I know you said 20 gallon but is it 30" or 24" long. I would think you could put some corie cats and maybe a pair of dwarf gourami's.


----------



## snail (Aug 6, 2010)

Plenty of plants and decorations can help with more agressive fish like tiger barbs but I think cherry barbs would be nice too.


----------



## aef (Sep 20, 2010)

snail said:


> Plenty of plants and decorations can help with more agressive fish like tiger barbs but I think cherry barbs would be nice too.

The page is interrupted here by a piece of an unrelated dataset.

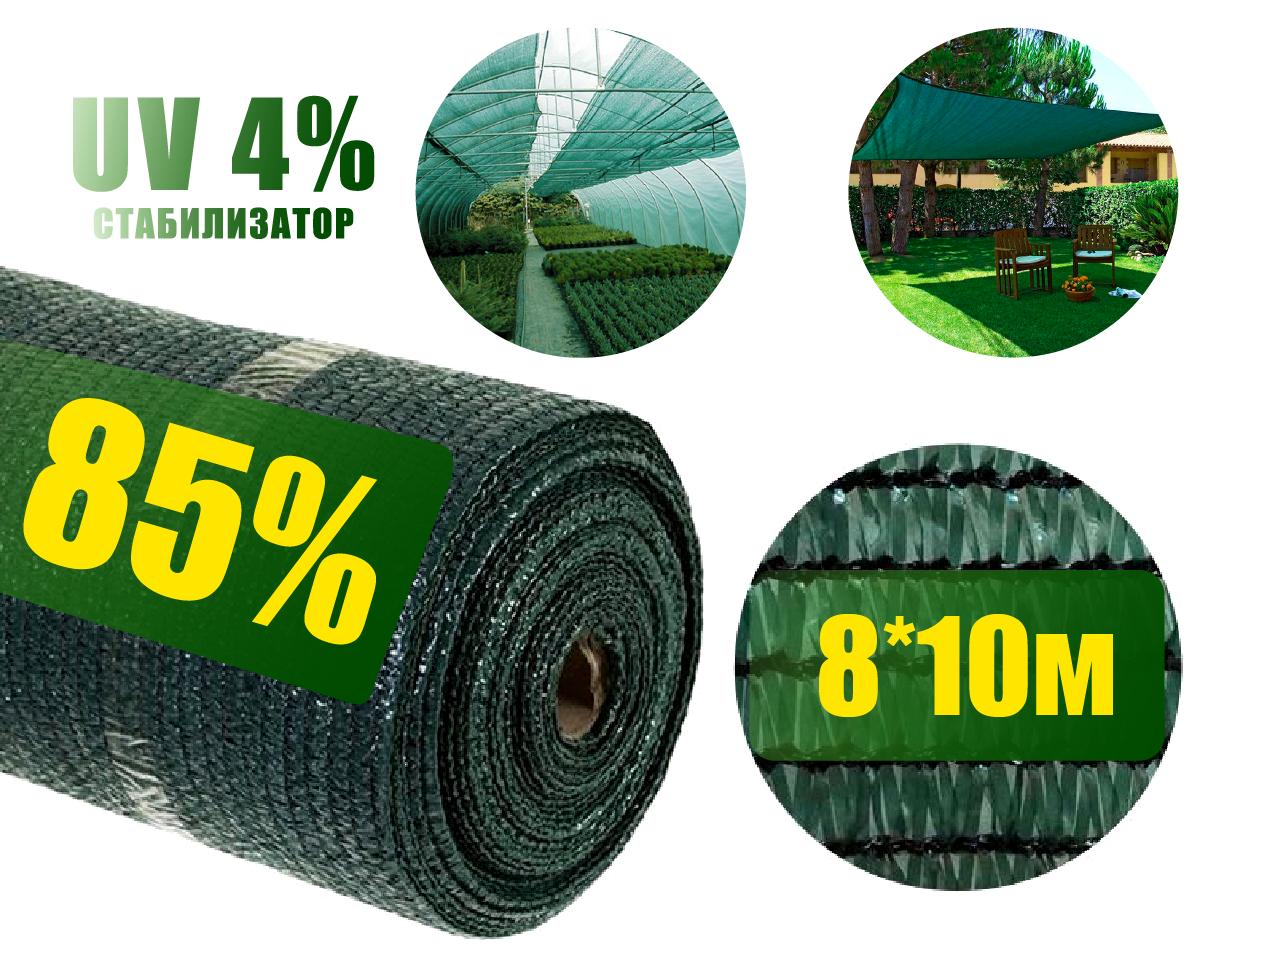 Затеняющая сетка  85%  8м*10м зеленая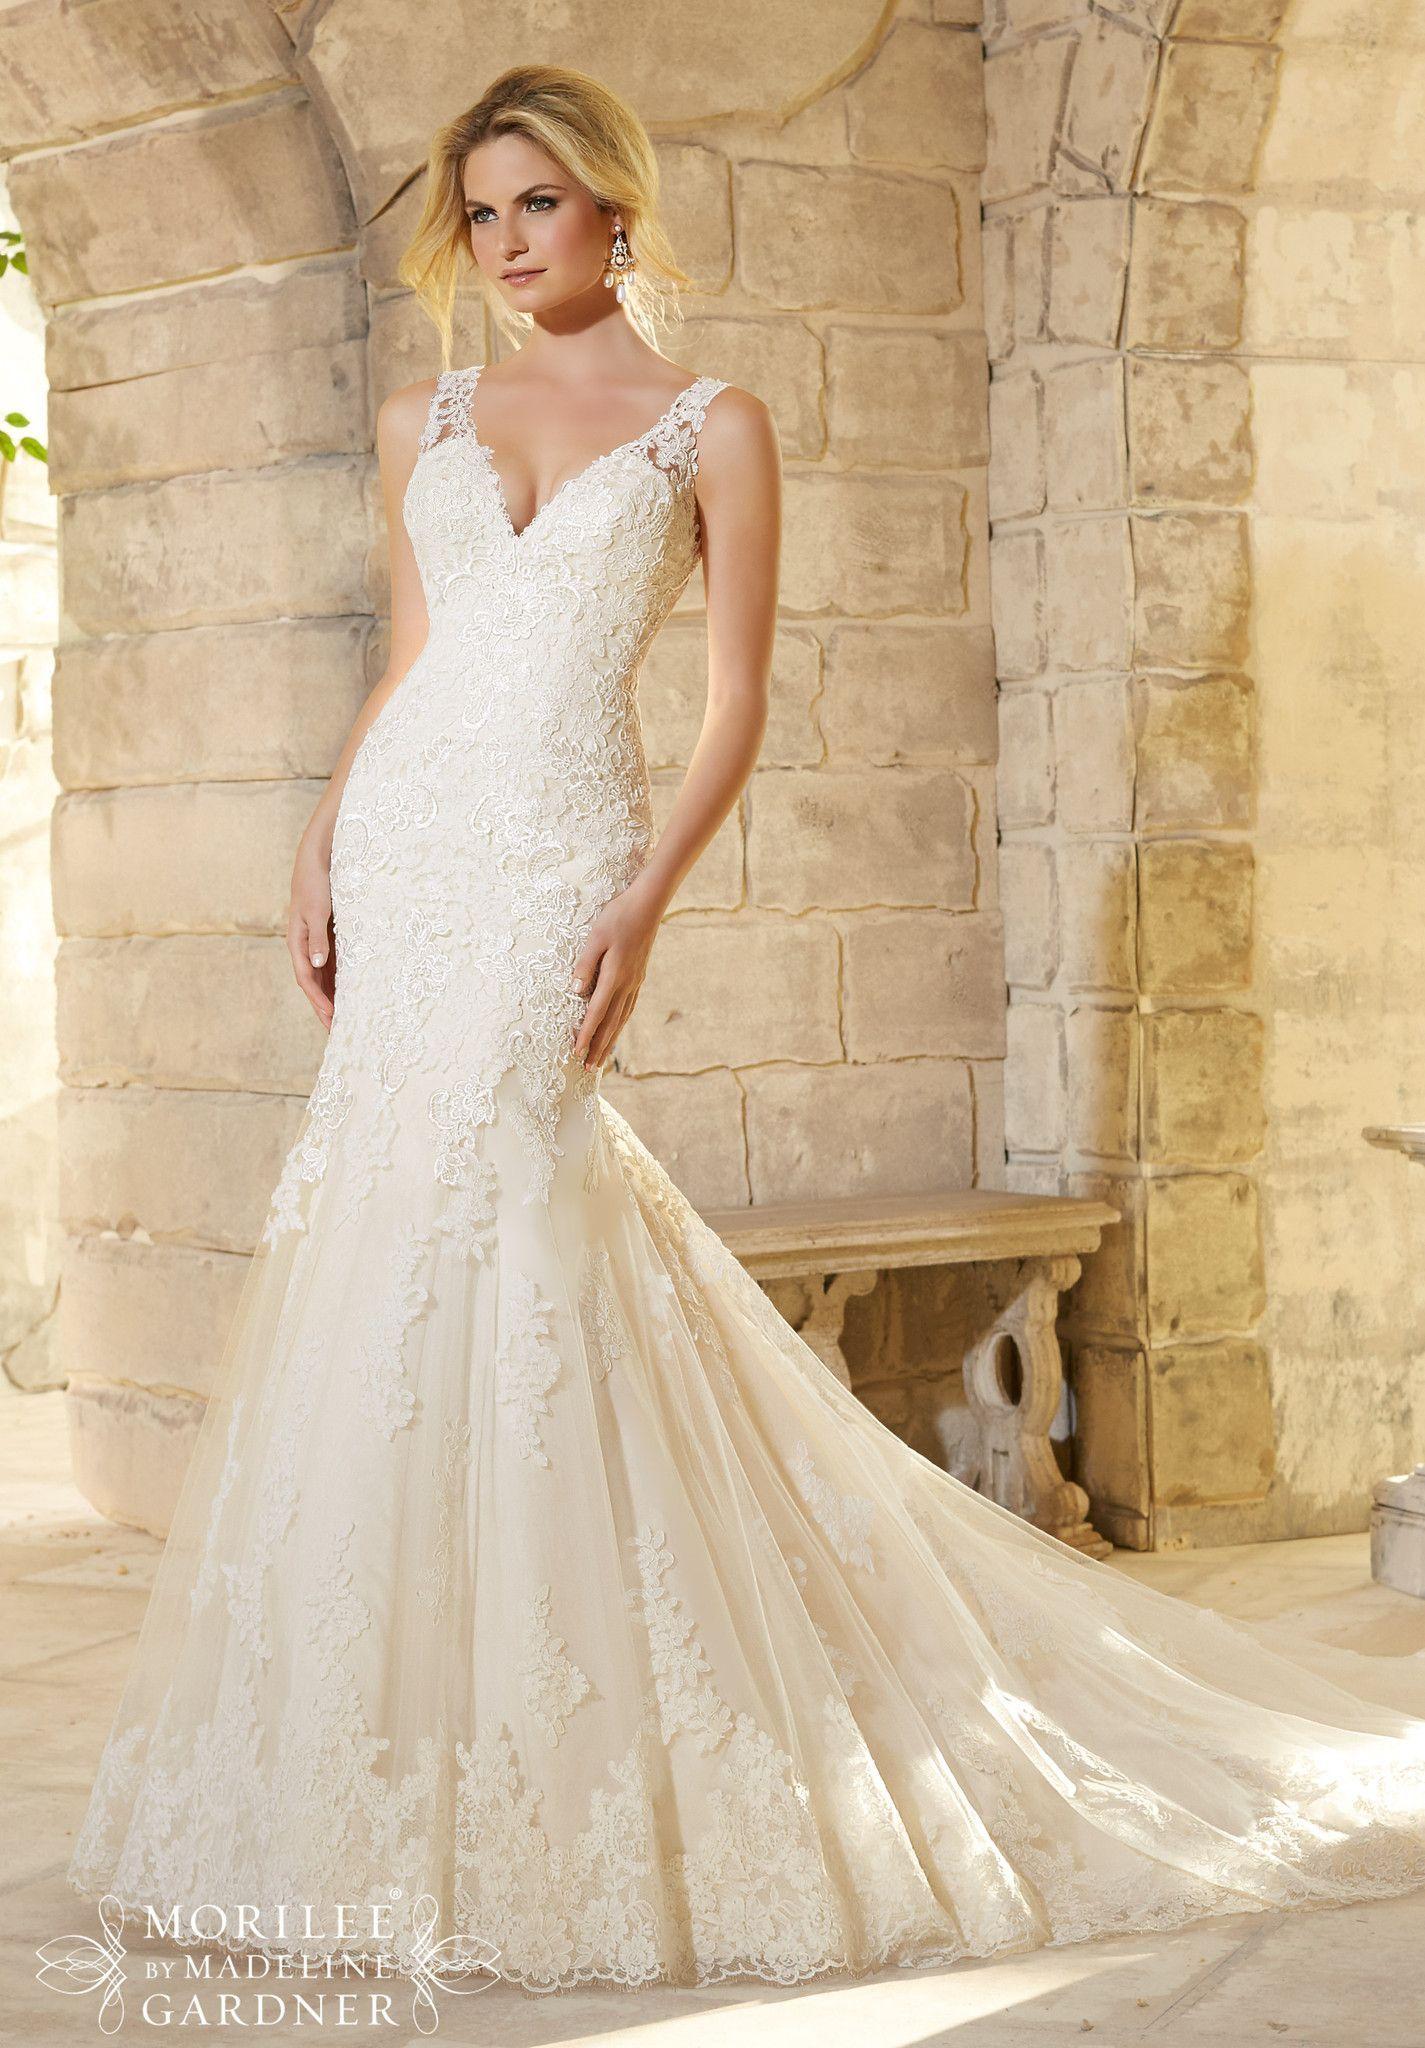 Mori Lee - 2773 - All Dressed Up, Bridal Gown   Boda, Vestidos de ...

Thanks I will be sure to use alot of plants and include hiding places. How many barbs should I put in a 20 gallon tank? Can I mix the tiger barbs and the cherry barbs or will they injure one another? Sorry if I seem to be asking too many questions.:animated_fish_swimm


----------



## aef (Sep 20, 2010)

mk4gti said:


> I think that tiger barbs are too big for a 20 gallon. Yes they wont break the 1 inch of fish per gallon rule but they are agressive and with only 20 gallons they are gonna catch eachother and stress the weakers ones out. I never had success with tiger barbs in my 20 gallon but in my 90 gallon they are awsome. My 20 gallon has cherry barbs, they are smaller, very colorful and much much less agressive.

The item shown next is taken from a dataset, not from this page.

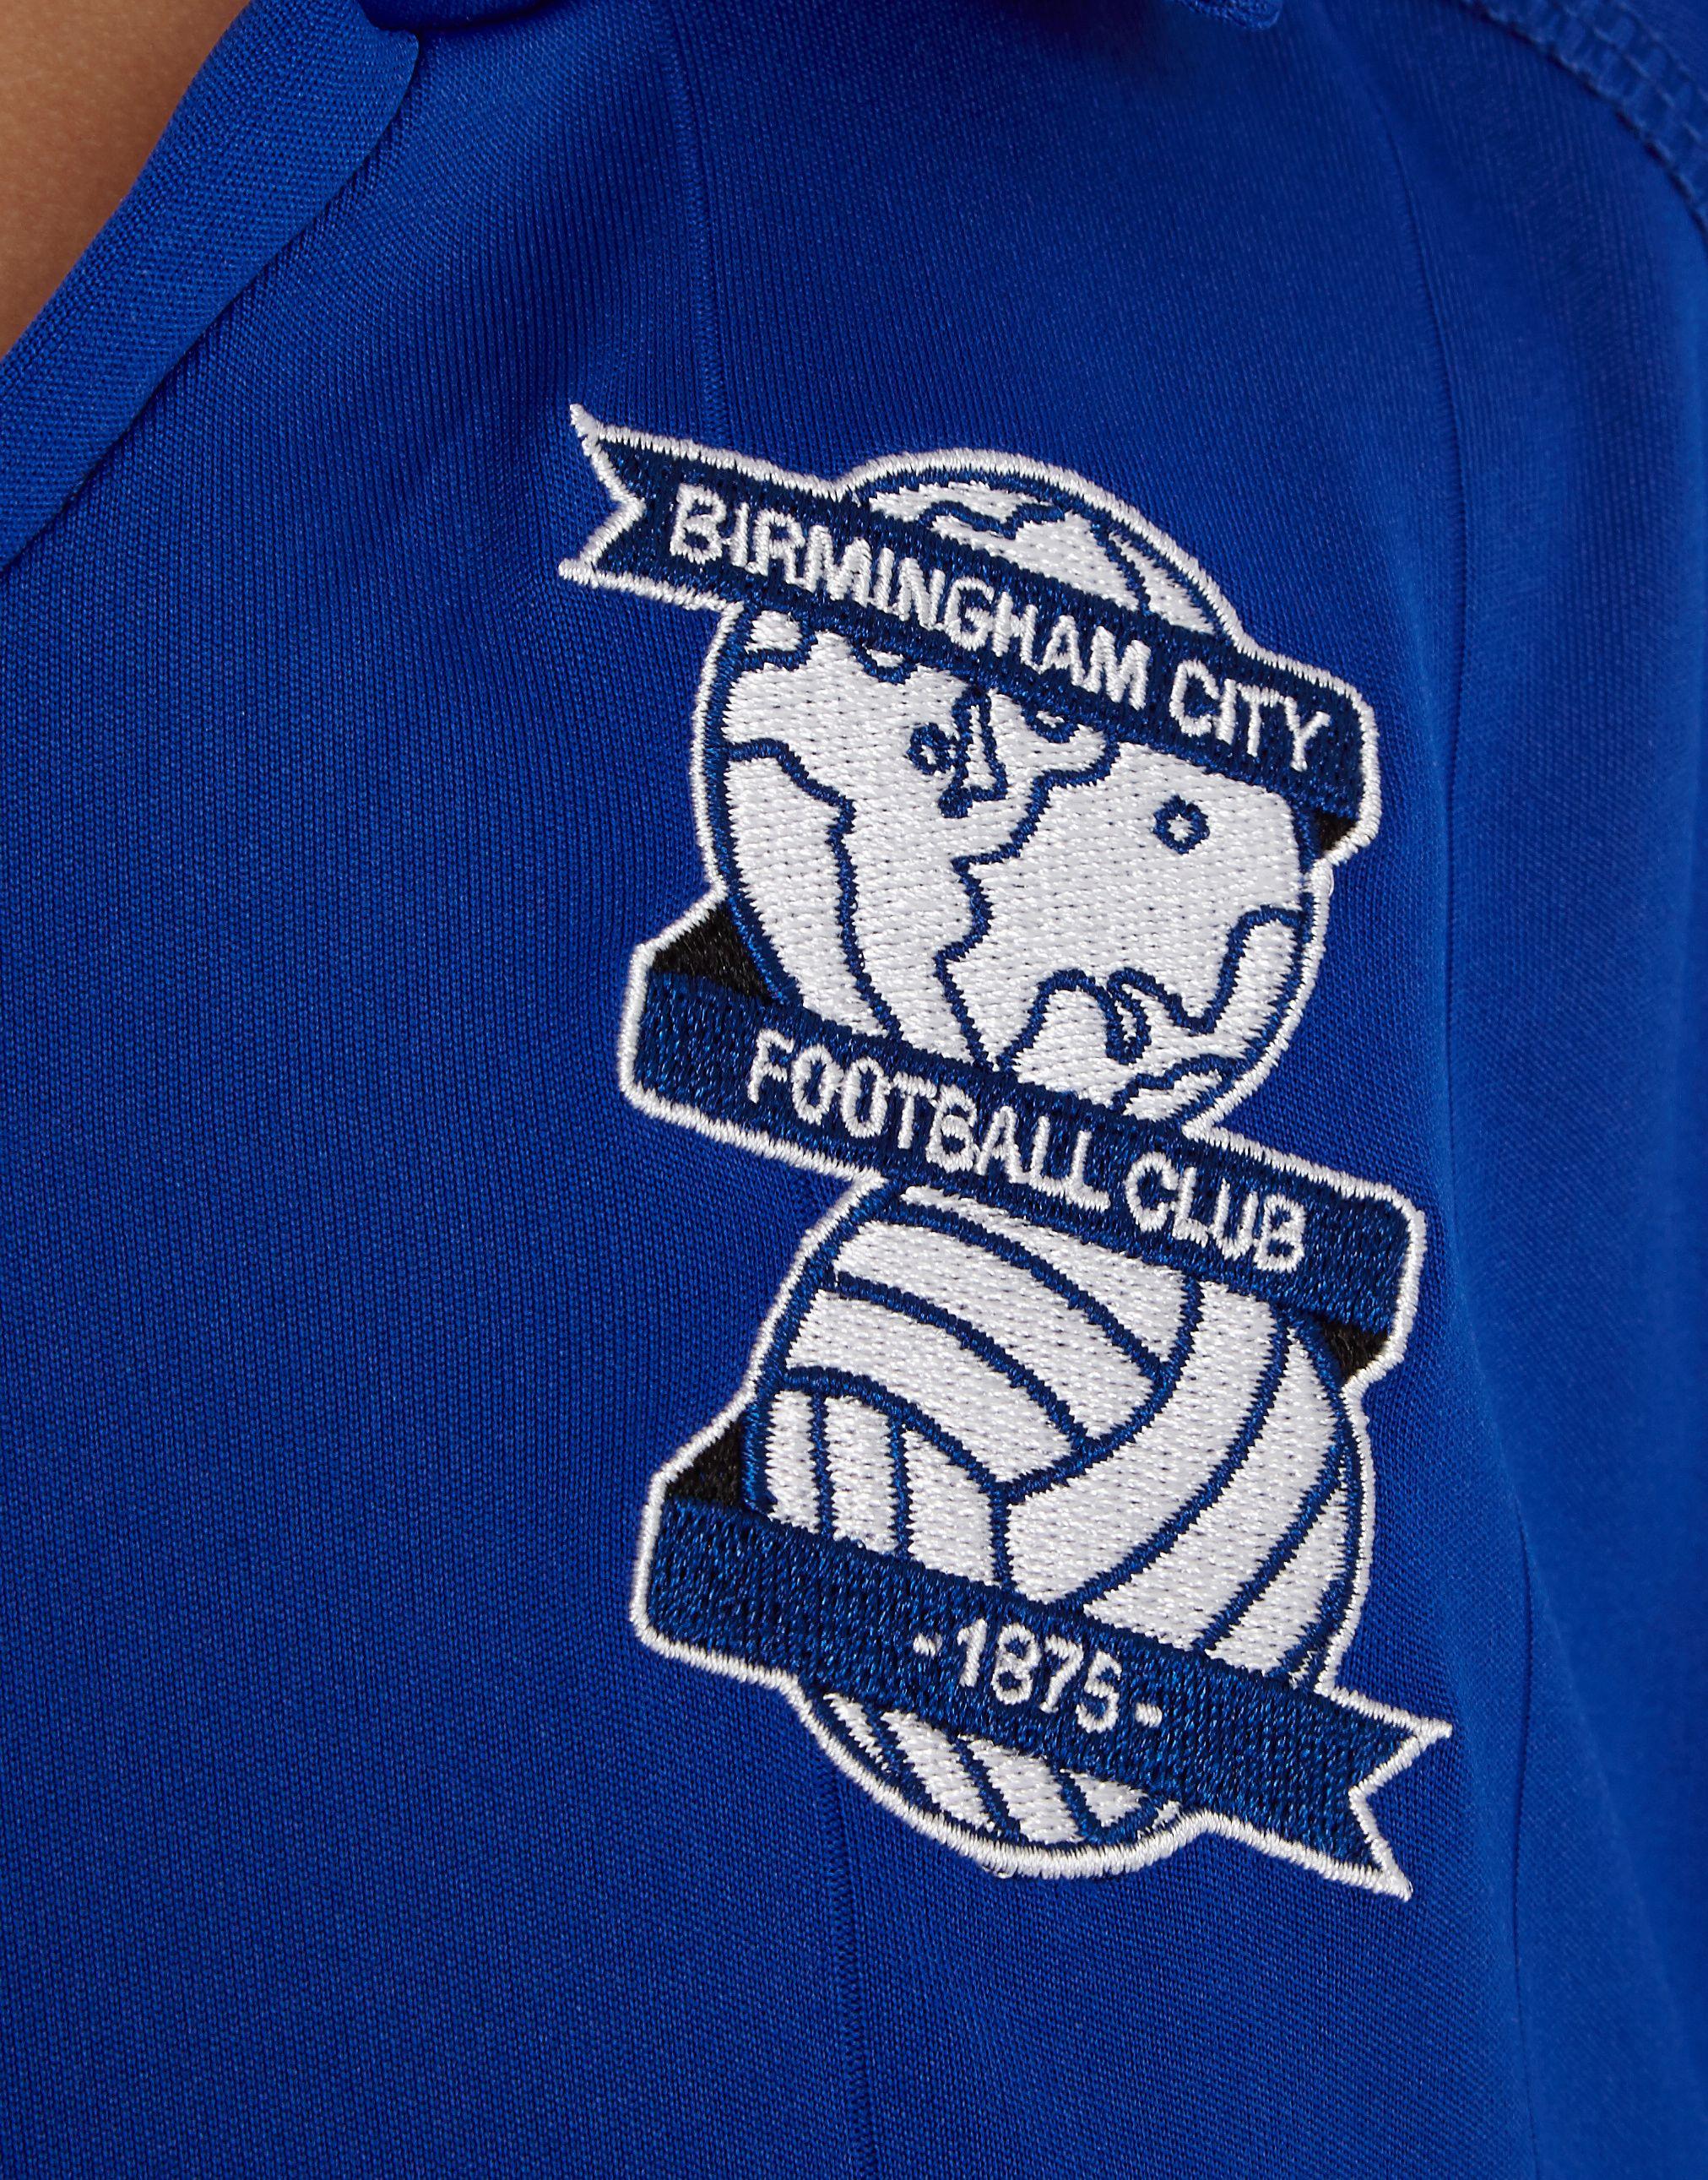 Carbrini Birmingham City FC 2014 Home Kit Infant

ok, thanks. How many can you put in 20 gal tank? What would be good tank mates for them (cherry barbs):animated_fish_swimm


----------



## aef (Sep 20, 2010)

mk4gti said:


> any tetra that stays small and some corys, maybe an oto and some ghost/cherry shrimp


hummmmmmmmmmmm.....I'll have to look all these up to see what they are! lol, but thanks for the input. I appreciate it.:fish10:


----------



## aef (Sep 20, 2010)

archer772 said:


> I know you said 20 gallon but is it 30" or 24" long. I would think you could put some corie cats and maybe a pair of dwarf gourami's.


24 long........


----------



## AbadHabit (Sep 9, 2010)

I like all of the above. I have long finned black & white, neon, glow, long & short finned minor tetra's, cherry barbs, rasbora's, cory's, loaches, a chocolate pleco, rainbow shark & otto's in my 29 gal. They all get along and play. I keep my tiger's in with my guppy's in a 10 gal with no problem.


----------



## archer772 (Nov 8, 2008)

OK how about a small school of these Tropical Fish for Freshwater Aquariums: Harlequin Rasbora a pair of these Tropical Fish for Freshwater Aquariums: Neon Blue Dwarf Gourami a few of these Tropical Fish for Freshwater Aquariums: Albino Aeneus Cory Cat and then add one of these AquaBid.com - Your Aquatic Auction Website


----------



## snail (Aug 6, 2010)

I think archer772 has chosen good selection for you there. 

One thing to remember is to keep schooling fish like barbs or tetras with 6 or more together. Newbies often get only one or two of each but they will be shy or fight more that way. Plus I think a larger school of one fish often has more impact than a bunch of different ones.

Just take your time and don't rush into it. Look around and see what you really like. Resist the temptation to come home with the fish without finding out about them first and you'll have a lovely tank.


----------